EEG Artifact Removal: Does It Help Or Hinder?

Published in Nature Communications Biology (2025) [1], R. Kessler, A. Enge & M.A. Skeide explored 'How EEG Preprocessing Shapes Decoding Performance'. The authors systematically varied each preprocessing step in a standardised EEG data processing pipeline, resulting in 2593 replications across unique forking paths. This was executed as a SLURM job submission to a HPC cluster.

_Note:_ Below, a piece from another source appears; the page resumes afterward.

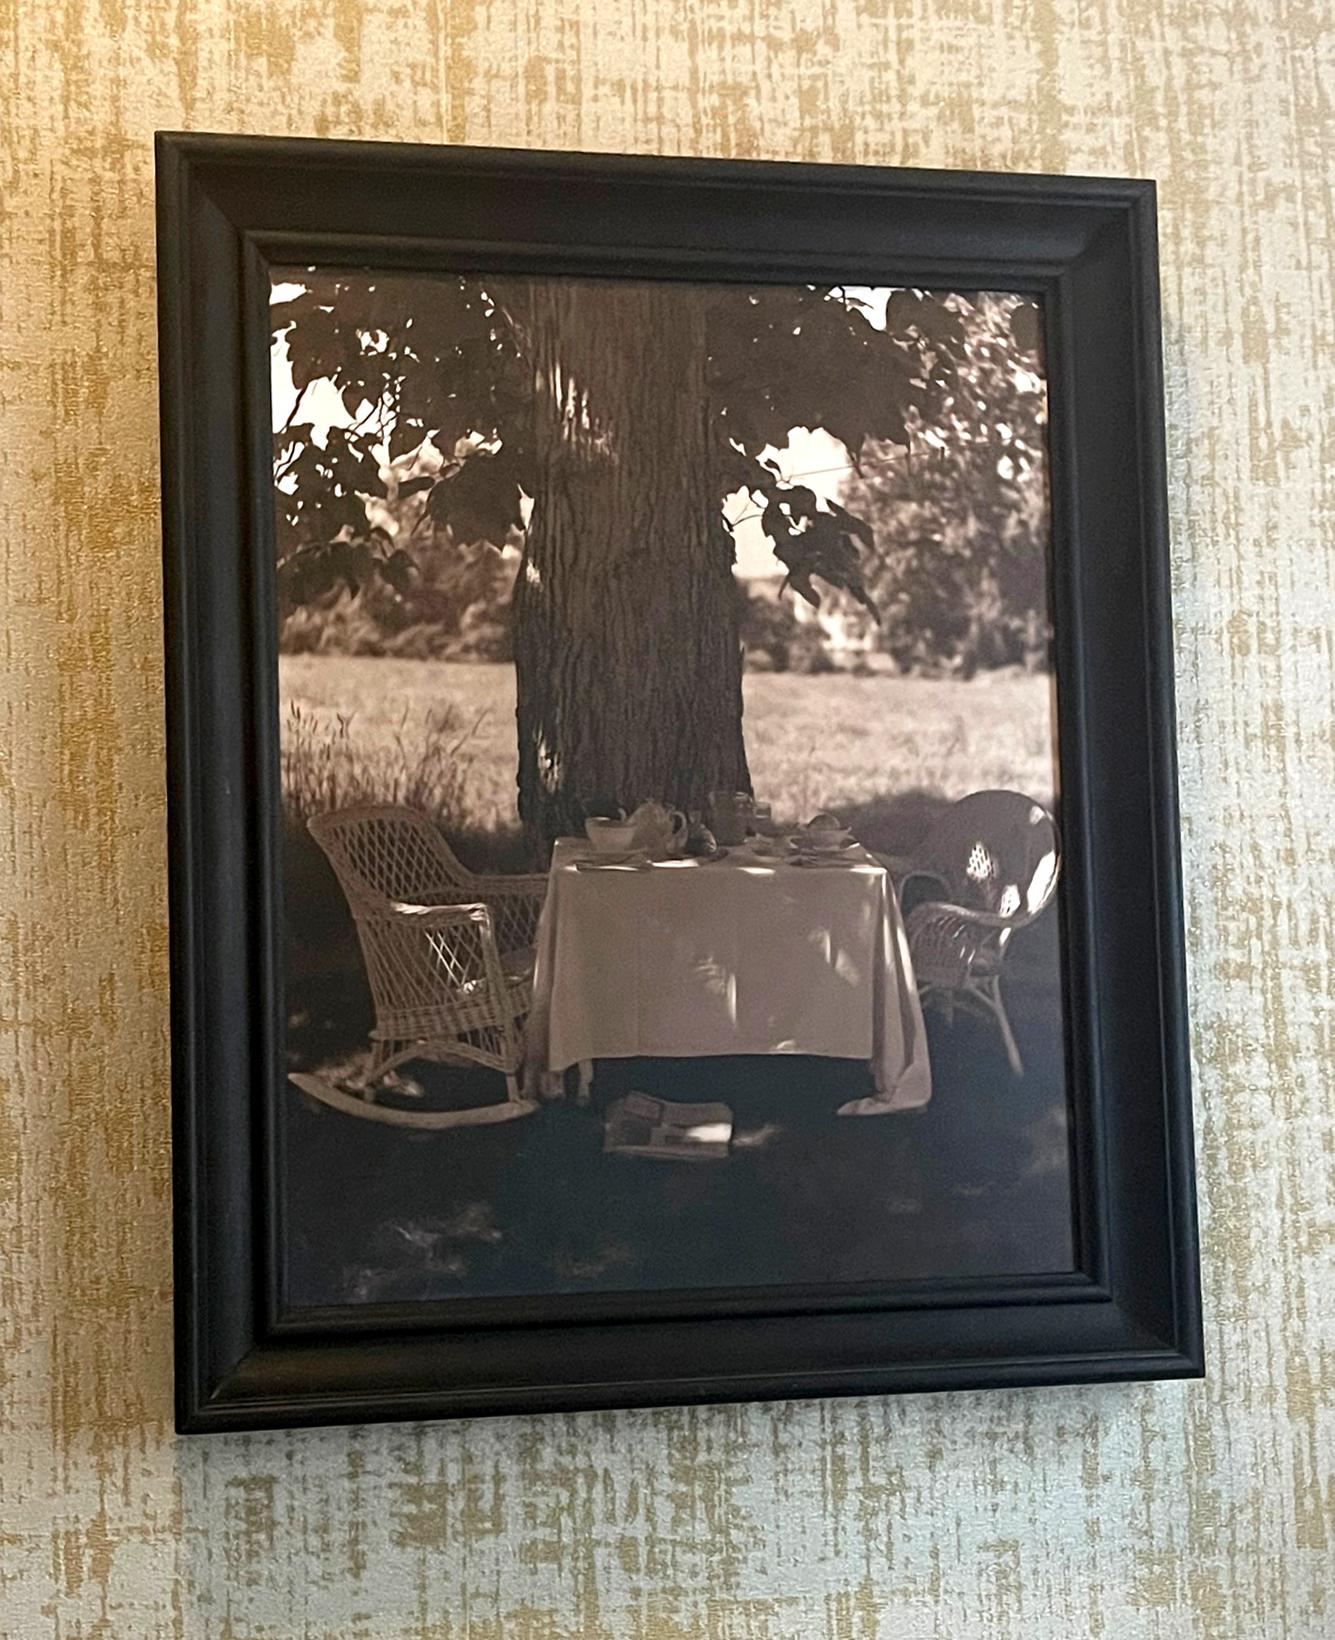 A framed photograph by John Patrick Dugdale (American, born 1960-) titled

Of note, "most artifact corrections led to a decrease in decoding performance. However, removing artifacts may also remove the neural signal of interest, especially when using the threshold-based [independent component analysis] employed in the present study. Future studies should further disentangle the influence of artifact correction steps into the unique contribution of the removed artifacts versus the unintentionally removed neural signal. In some BCI use cases in which the source of the signal may be less relevant, an analyst may even refrain from removing predictive artifacts" ([1], p8).

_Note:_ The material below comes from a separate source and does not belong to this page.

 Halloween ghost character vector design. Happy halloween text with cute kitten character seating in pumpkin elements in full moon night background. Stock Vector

In another paper published in Nature Scientific Reports (2023) [2], A. Delorme "compared optimised pipelines for preprocessing EEG data maximising ERP significance using the leading open-source EEG software: EEGLAB, FieldTrip, MNE, and Brainstorm. Only one pipeline performed significantly better than high-pass filtering the data" ([2], p1). The author concludes that "for relatively clean EEG data acquired in laboratory conditions, preprocessing techniques had little effect on data quality ... [which] might not be the case for more noisy data acquired in other conditions" ([2], p8).

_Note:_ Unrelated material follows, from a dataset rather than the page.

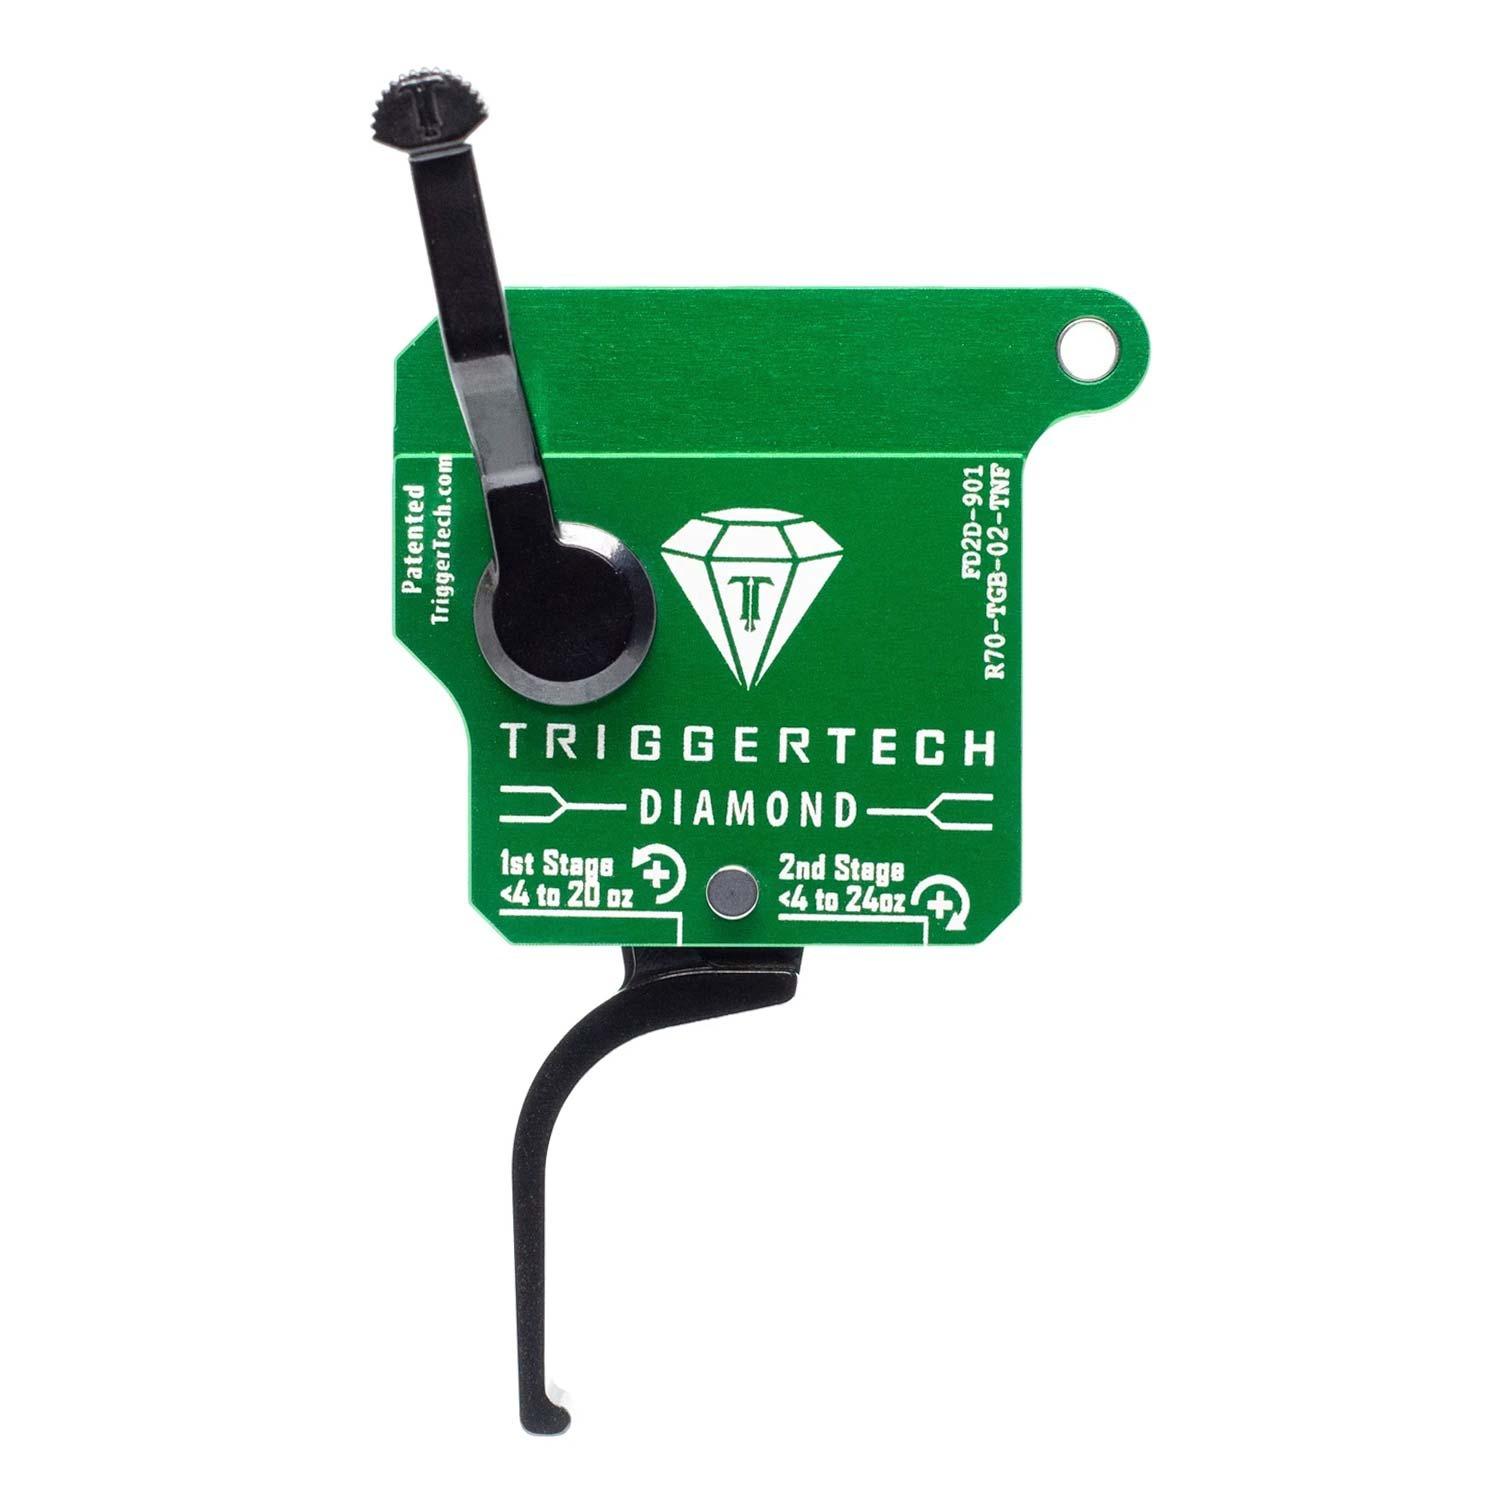  Triggertech Rem 700 Diamond Two- Stage Trigger Flat Right Hand

Others have been applying the rapid developments in deep learning to the problem of multi-channel EEG data artifact removal. R. Jiang et. al. published in Nature Scientific Reports (2025) [3] 'A Novel EEG Artifact Removal Algorithm Based on an Advanced Attention Mechanism.' Their paper introduced CLEnet as a dual-scale CNN and LSTM, with an improved EMA-1D attention mechanism. "Innovatively, CLEnet decouples morphological features from temporal features, thereby maximizing the preservation of neurophysiological information while eliminating noise... laying the foundation for EEG decoding in dynamic noise environments." ([3], p17).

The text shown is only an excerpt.